The task:
Every line below needs to be printed again exactly, without any of its pictures.
** Available data follows **
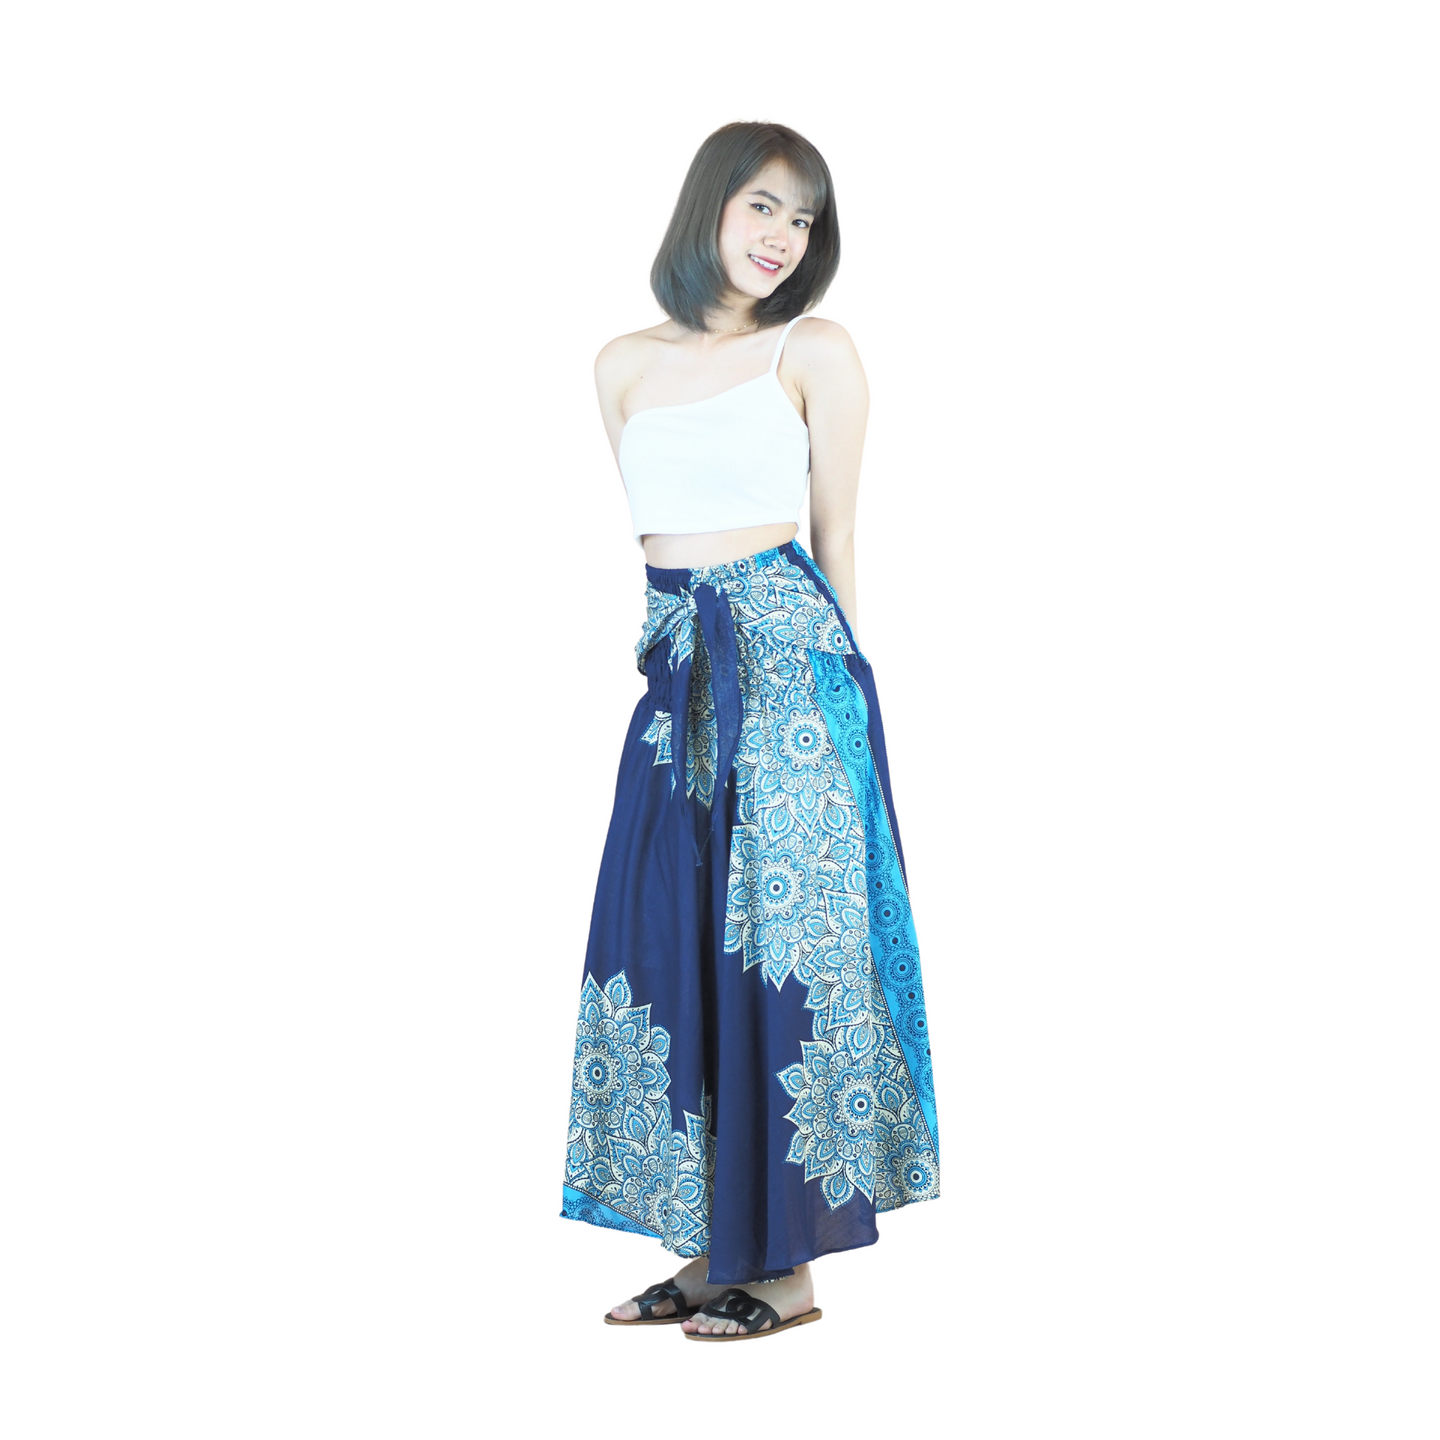 Muscari Mandala Women's Bohemian Skirt in Navy Blue SK0033 020263 03
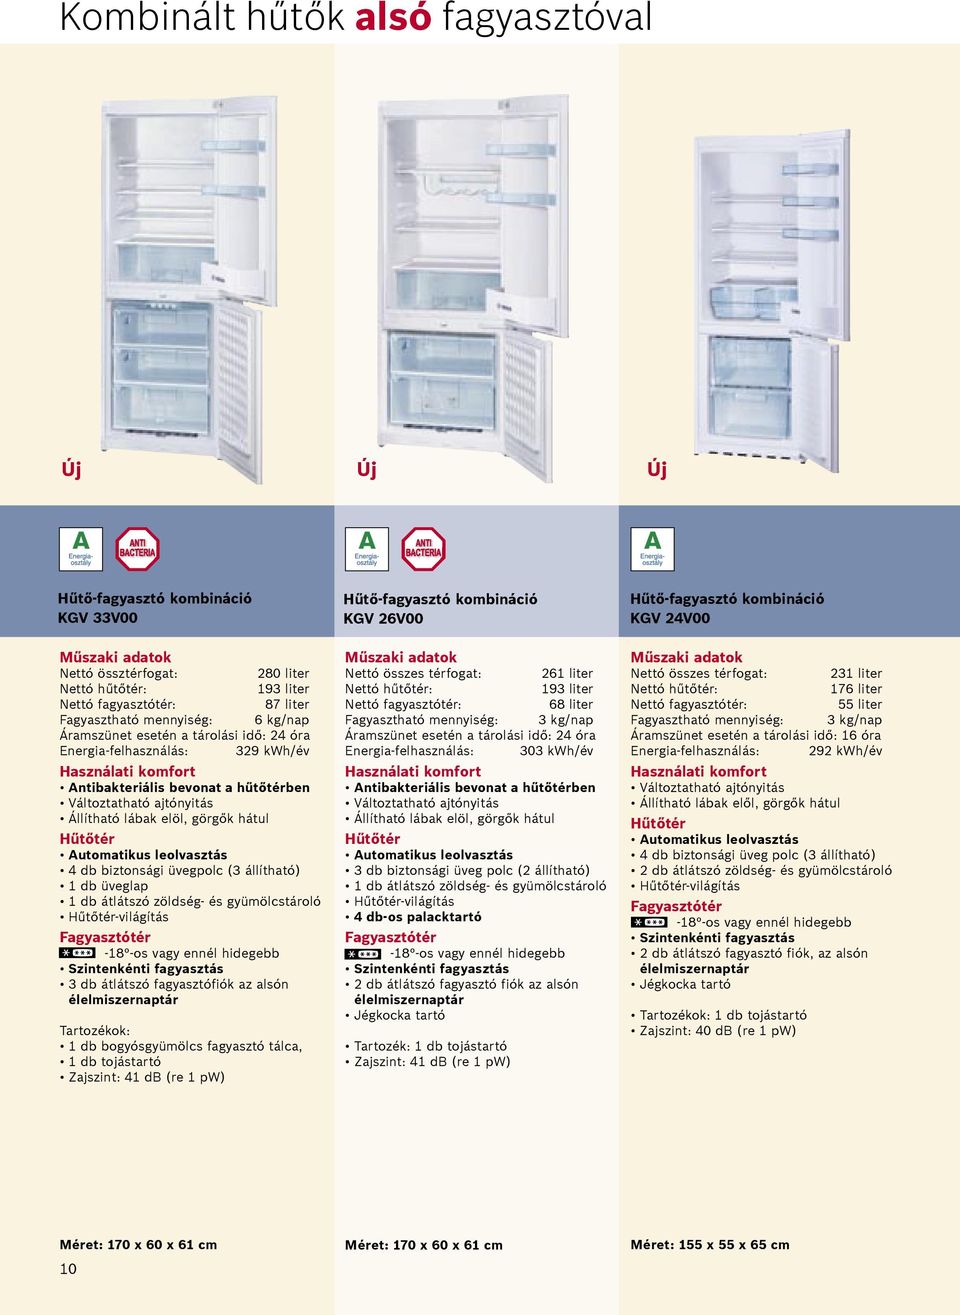 biztonsági üvegpolc (3 állítható) 1 db üveglap 1 db átlátszó zöldség- és gyümölcstároló Hűtőtér-világítás Fagyasztótér -18 -os vagy ennél hidegebb Szintenkénti fagyasztás 3 db átlátszó fagyasztófiók
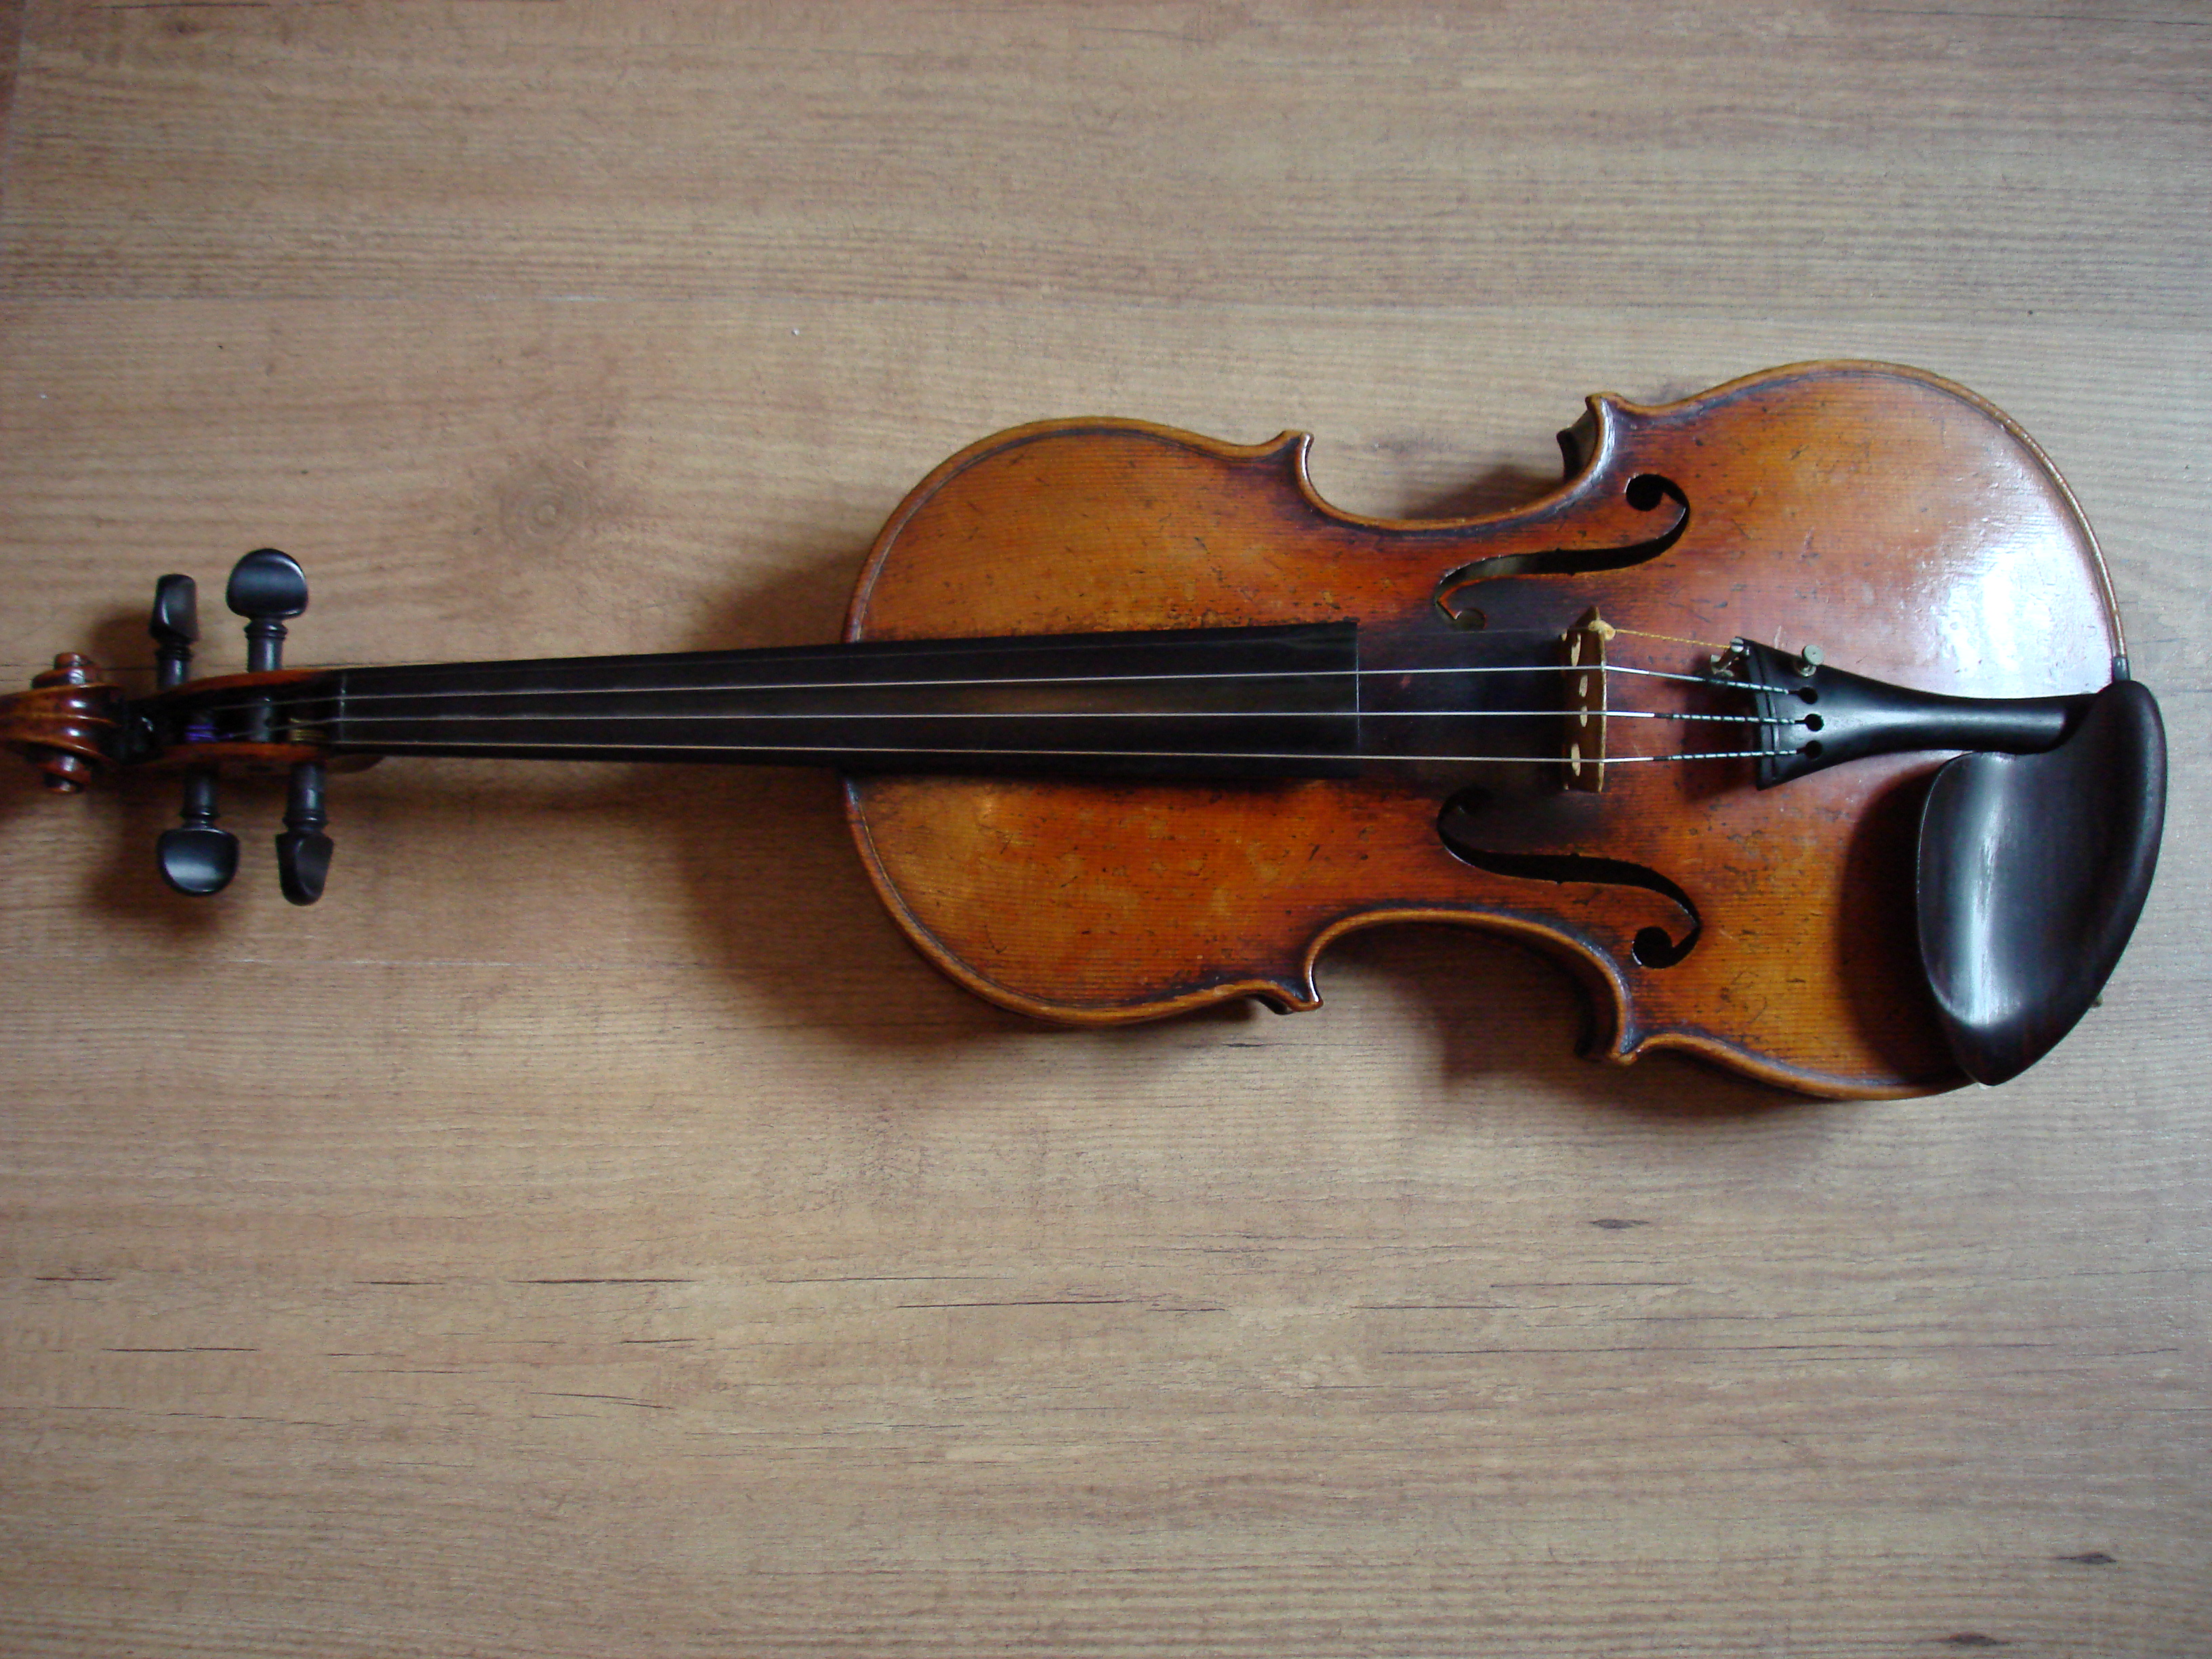 Duitse viool €2.000,-
Taxatierapport aanwezig
** End of Available data **
Response area:
 Muscari Mandala Women's Bohemian Skirt in Navy Blue SK0033 020263 03
 biztonsági üvegpolc (3 állítható) 1 db üveglap 1 db átlátszó zöldség- és gyümölcstároló Hűtőtér-világítás Fagyasztótér -18 -os vagy ennél hidegebb Szintenkénti fagyasztás 3 db átlátszó fagyasztófiók
 Duitse viool €2.000,-
Taxatierapport aanwezig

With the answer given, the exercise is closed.